To modify passwords for LDAP users:

  1. Log in to the Keycloak admin console at http://localhost:8080/auth/ with:

    • Username: admin
    • Password: admin
  2. Navigate to the "aap" realm.

  3. Go to User Federation → LDAP.

  4. Change the Edit Mode to "WRITABLE".

  5. Click "Save".

  6. Now you can edit LDAP users and their passwords directly from the Keycloak interface.

  7. Alternatively, you can use the provided playbook in the keycloak-utils directory to change user passwords:

    ansible-playbook keycloak-utils/keycloak-change-user-password.yaml

Testing the Authentication

To verify that the Keycloak authentication is working correctly, you can use either of the following methods:

Browser Authentication

You can navigate to http://localhost:5001/login/keycloak in your web browser. You will be redirected to the Keycloak login page where you can authenticate with your LDAP-federated user credentials.

API Testing with curl

Alternatively, you can verify the authentication flow programmatically using the following commands:

1. Obtain an Access Token

TOKEN=$(curl -s -d 'client_id=automation-hub' \
        -d 'username=fry' \
        -d 'password=PlanetExpress2025!' \
        -d 'client_secret=REALLYWELLKEPTSECRET' \
        -d 'scope=openid' \
        -d 'grant_type=password' \
        "http://localhost:8080/auth/realms/aap/protocol/openid-connect/token" | jq -r '.access_token')

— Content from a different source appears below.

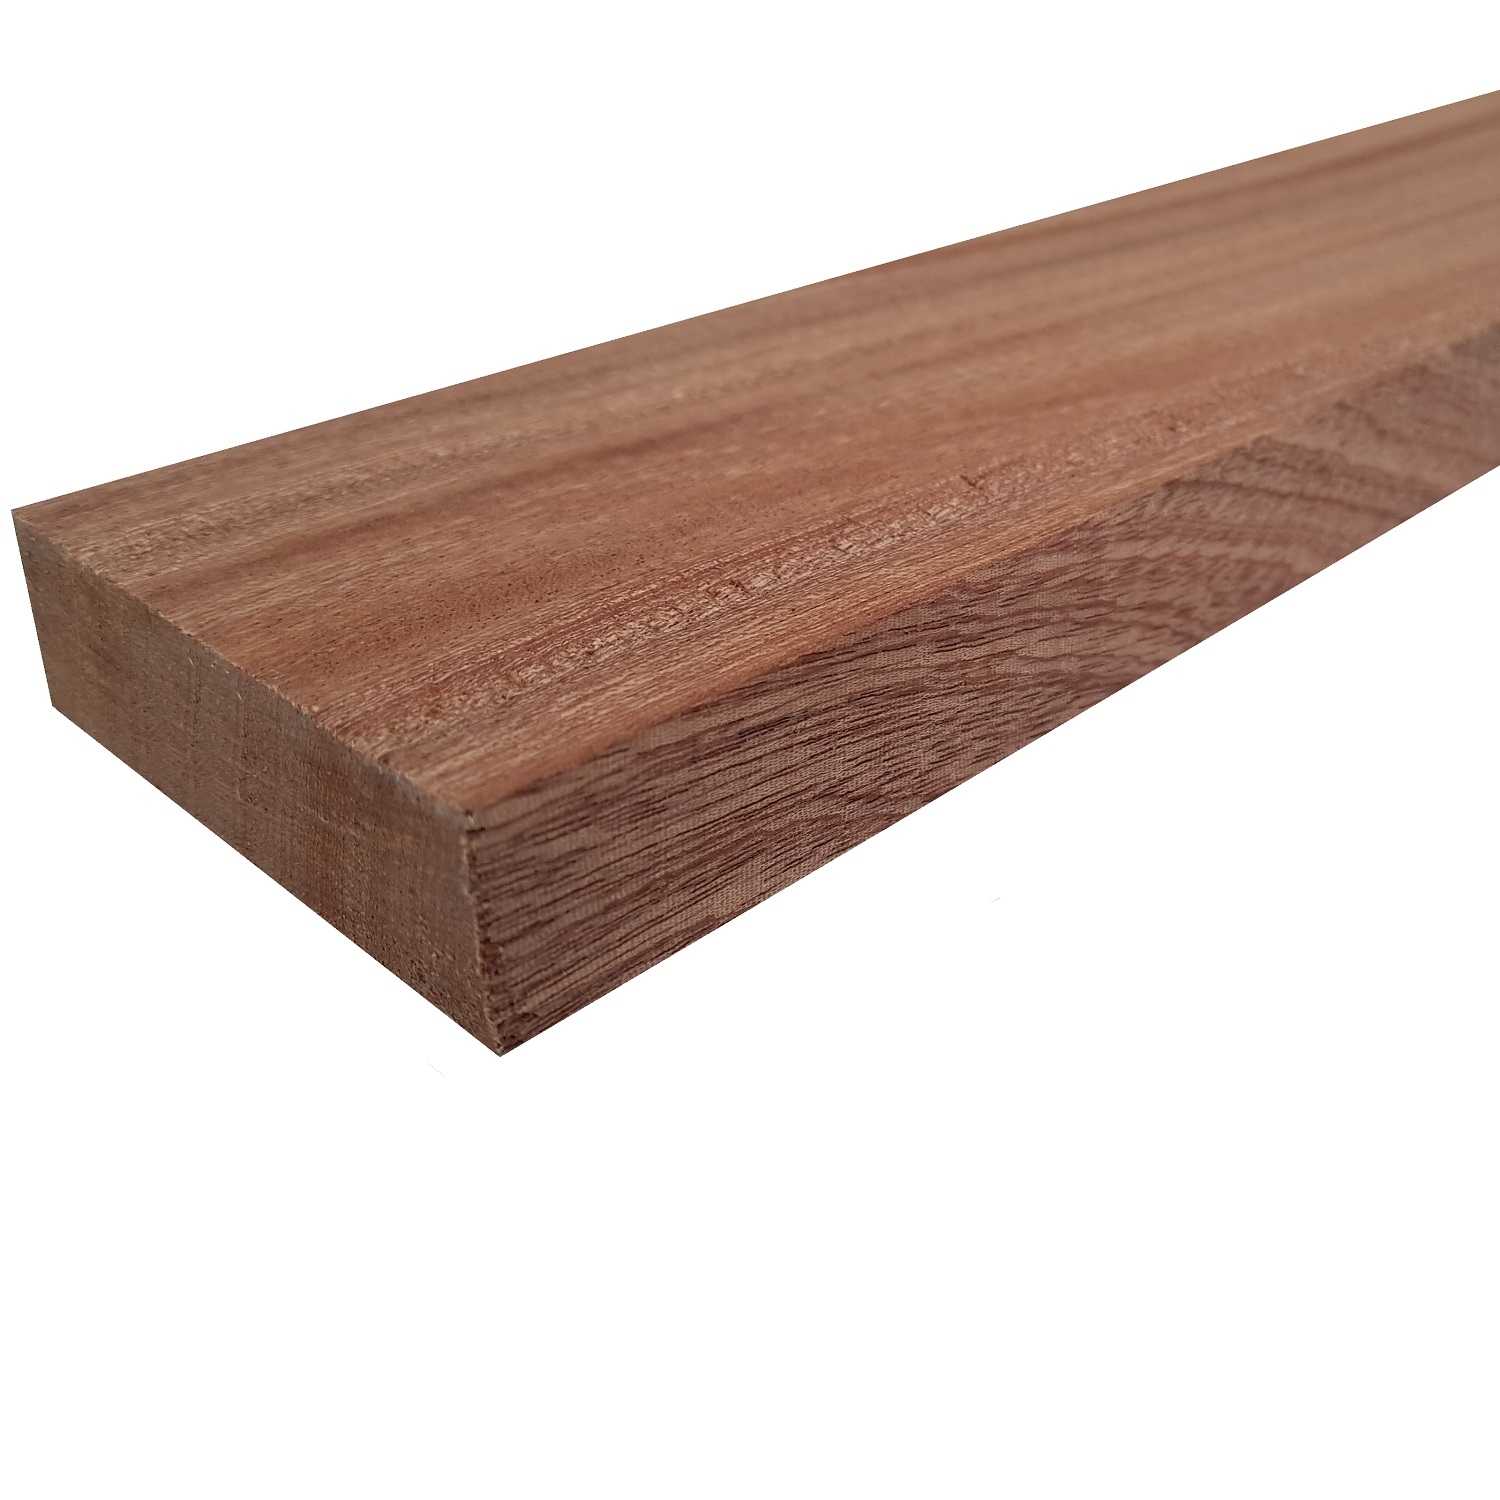 Tavola legno di Mogano Refilato Piallato mm 21 x 130 x 1500

2. Use the Token to Access a Protected API Endpoint

curl -v -L -X GET \
        -H "Authorization: Bearer $TOKEN" \
        "http://localhost:5001/api/_ui/v1/feature-flags/"

If the authentication is successful, you will receive the feature flags data from the API endpoint.

Troubleshooting

User Authentication Issues

If users are unable to authenticate, check the following:

  1. Verify the Keycloak client settings:
    • Ensure the client secret matches the one in the Galaxy NG configuration
    • Check that the redirect URIs are configured correctly

API Connection Issues

If the API cannot connect to Keycloak:

  1. Verify the Keycloak public key is correctly set in the Galaxy NG environment.
  2. Check the logs for the Galaxy NG API container:
    docker compose -f dev/compose/keycloak.yaml logs api
  3. Ensure the Keycloak service is accessible from the API container.

Reference LDAP Users

The following LDAP users are available in the default configuration:

  • fry (Philip J. Fry)
  • leela (Turanga Leela)
  • bender (Bender Bending Rodriguez)
  • zoidberg (Dr. John Zoidberg)

The password can be changed as described in the "Modifying User Passwords" section.

Troubleshooting

VersionConflict error

Example:

api-1         |    raise VersionConflict(dist, req).with_context(dependent_req)
api-1         | pkg_resources.VersionConflict: (pkg_foo 3.2.6 (/venv/lib/python3.11/site-packages), Requirement.parse('pkg_foo<3.1.13,>=3.1.12'))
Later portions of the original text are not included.